• [Exercise aim]: Exactly as written, output each of the lines below, with no images.

• [Data excerpt]:

★ ★ ★ ★

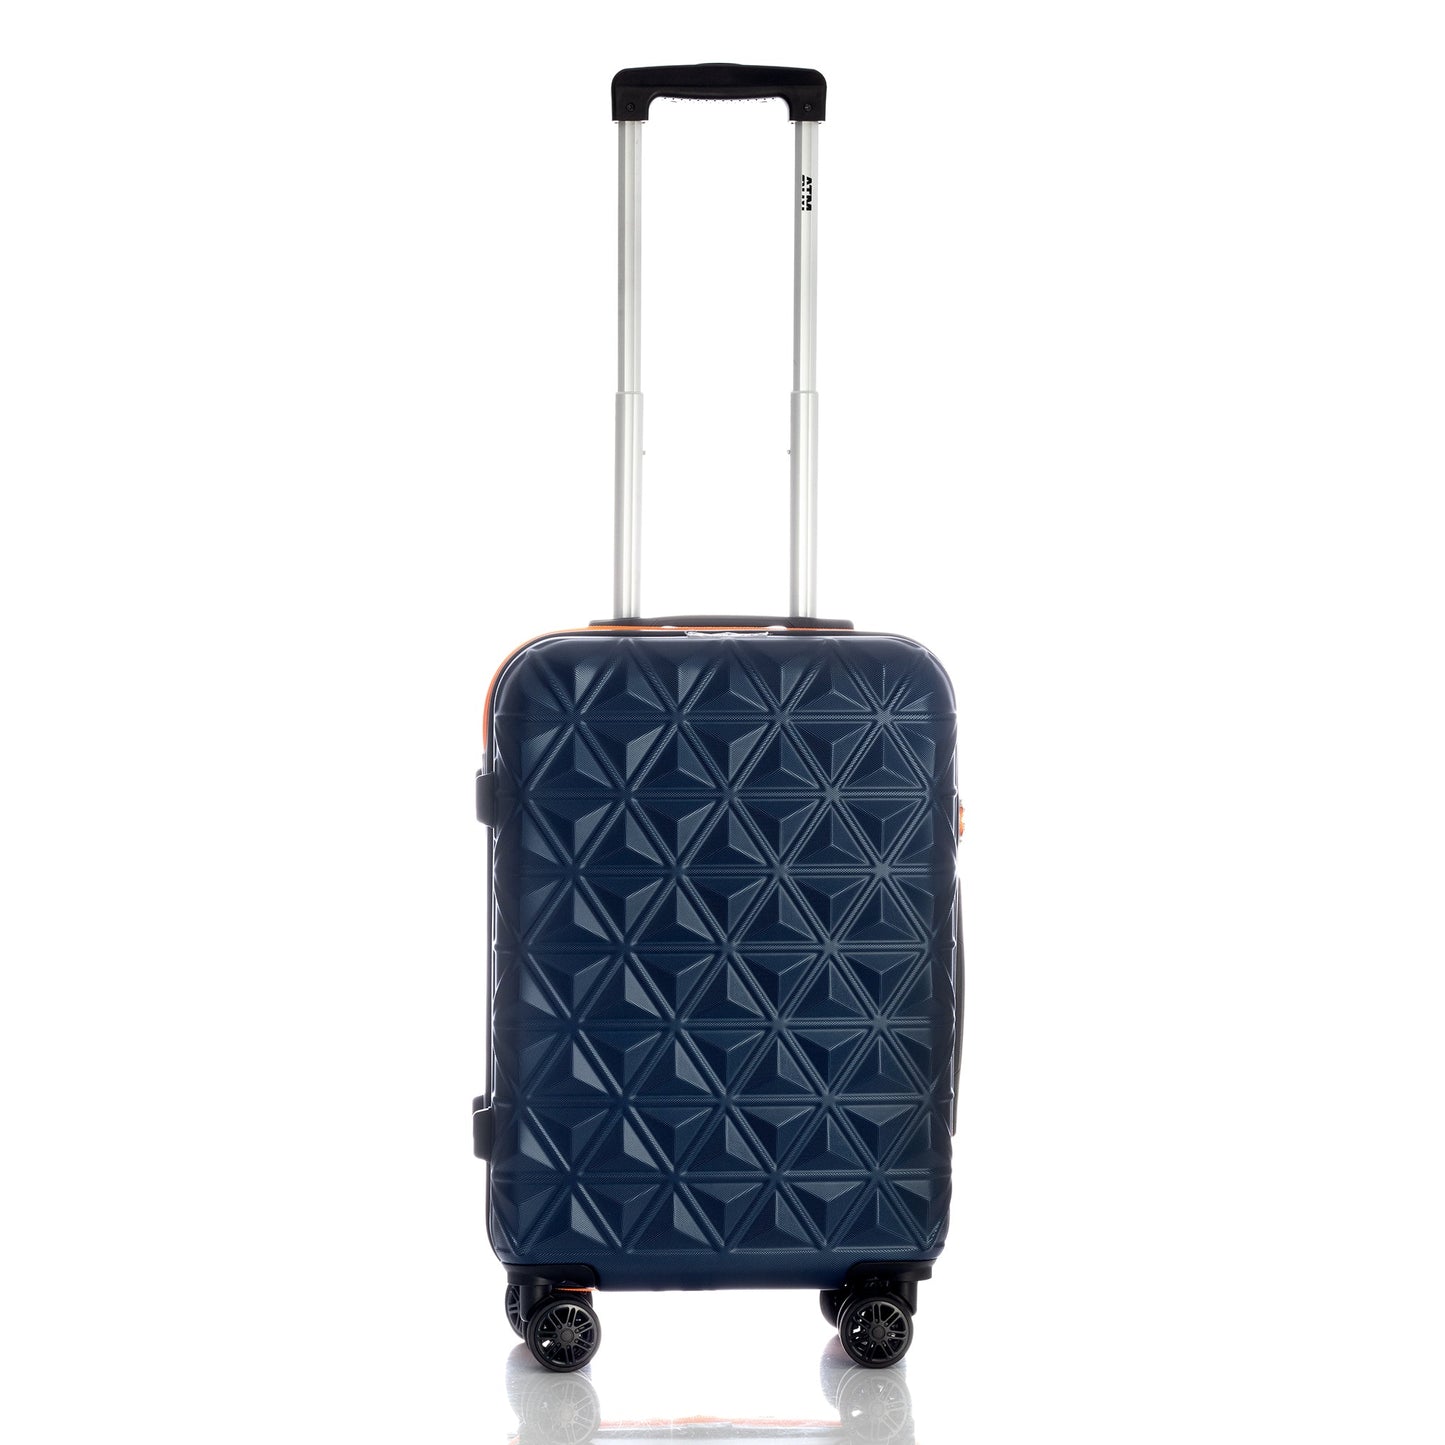 Cosmos Collection Navy Blue Luggage 3 Piece Set (21/25/29") Suitcase Lock Spinner Hardshell
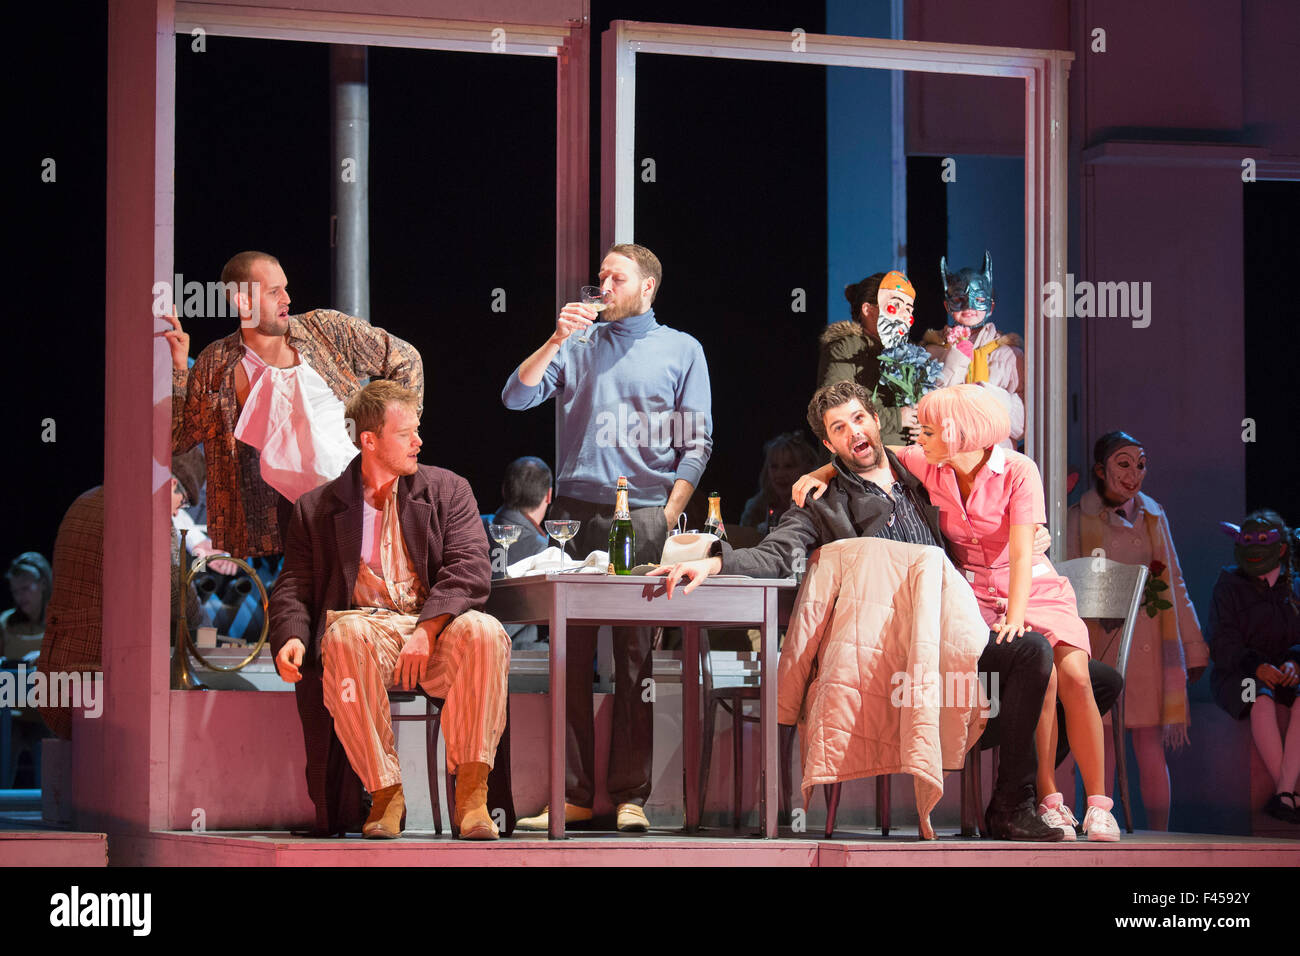 London, UK. 14/10/2015. Dress rehearsal of the Giacomo Puccini opera La Boheme directed by Benedict Andrews at the London Coliseum. Conducted by Xian Zhang. Cast: Corinne Winters as Mimi, Zach Borichevsky as Rodolfo, Duncan Rock as Marcello and Rhian Lois as Musetta. Stock Photo
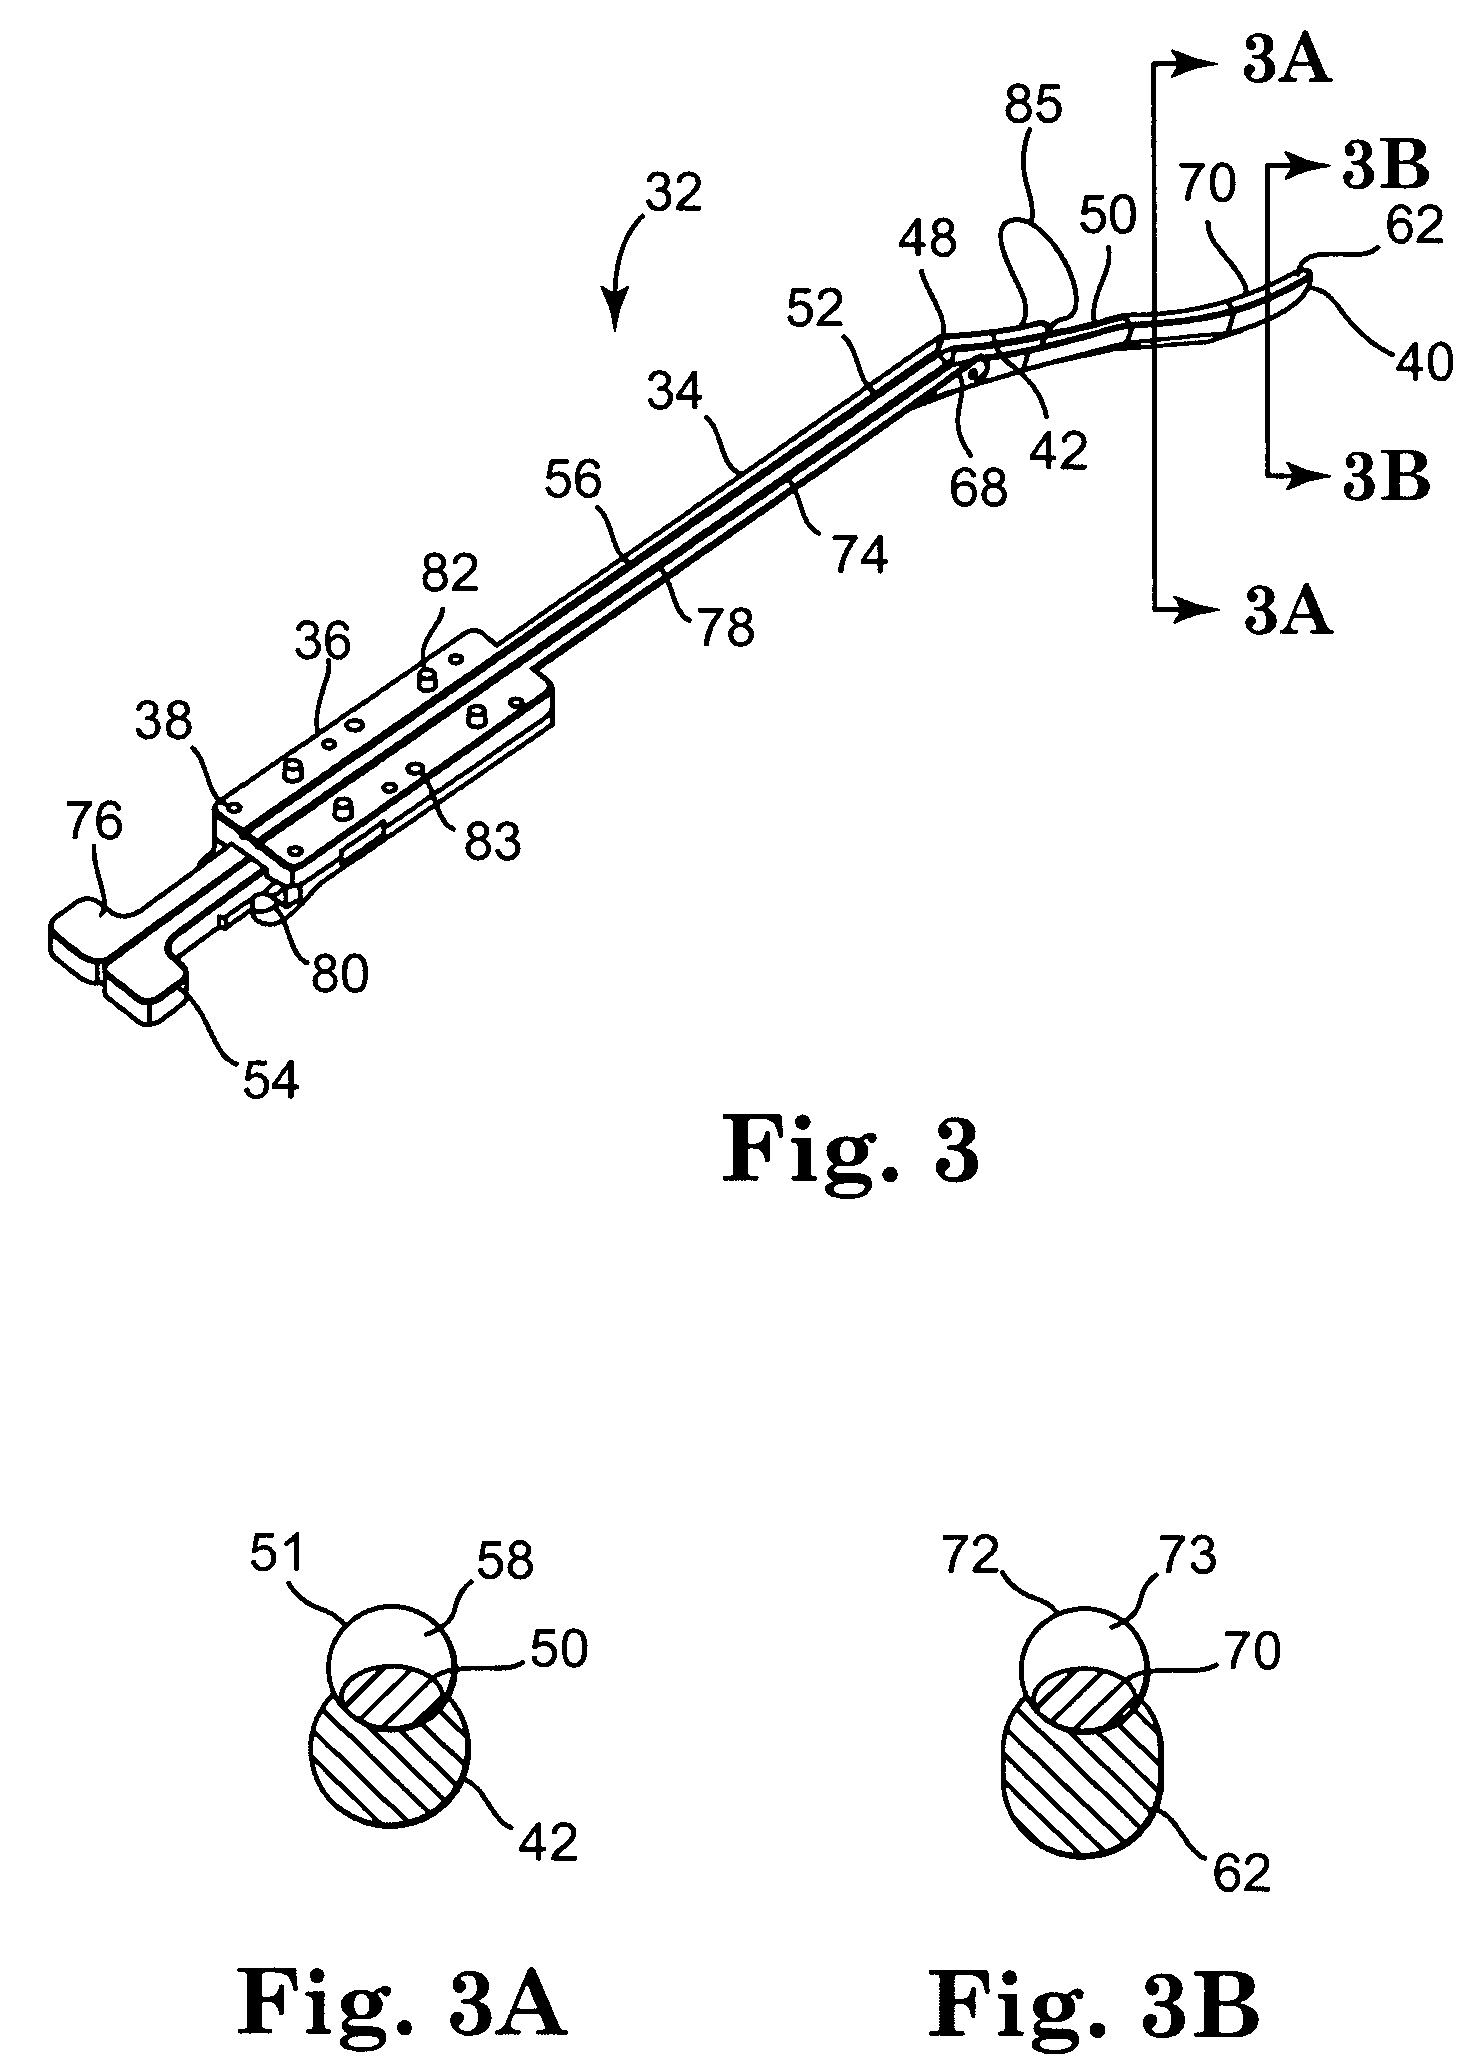 Compound bipolar ablation device and method

★ ★ ★ ★

• [Exercise response]:
 Cosmos Collection Navy Blue Luggage 3 Piece Set (21/25/29") Suitcase Lock Spinner Hardshell
 London, UK. 14/10/2015. Dress rehearsal of the Giacomo Puccini opera La Boheme directed by Benedict Andrews at the London Coliseum. Conducted by Xian Zhang. Cast: Corinne Winters as Mimi, Zach Borichevsky as Rodolfo, Duncan Rock as Marcello and Rhian Lois as Musetta. Stock Photo
 Compound bipolar ablation device and method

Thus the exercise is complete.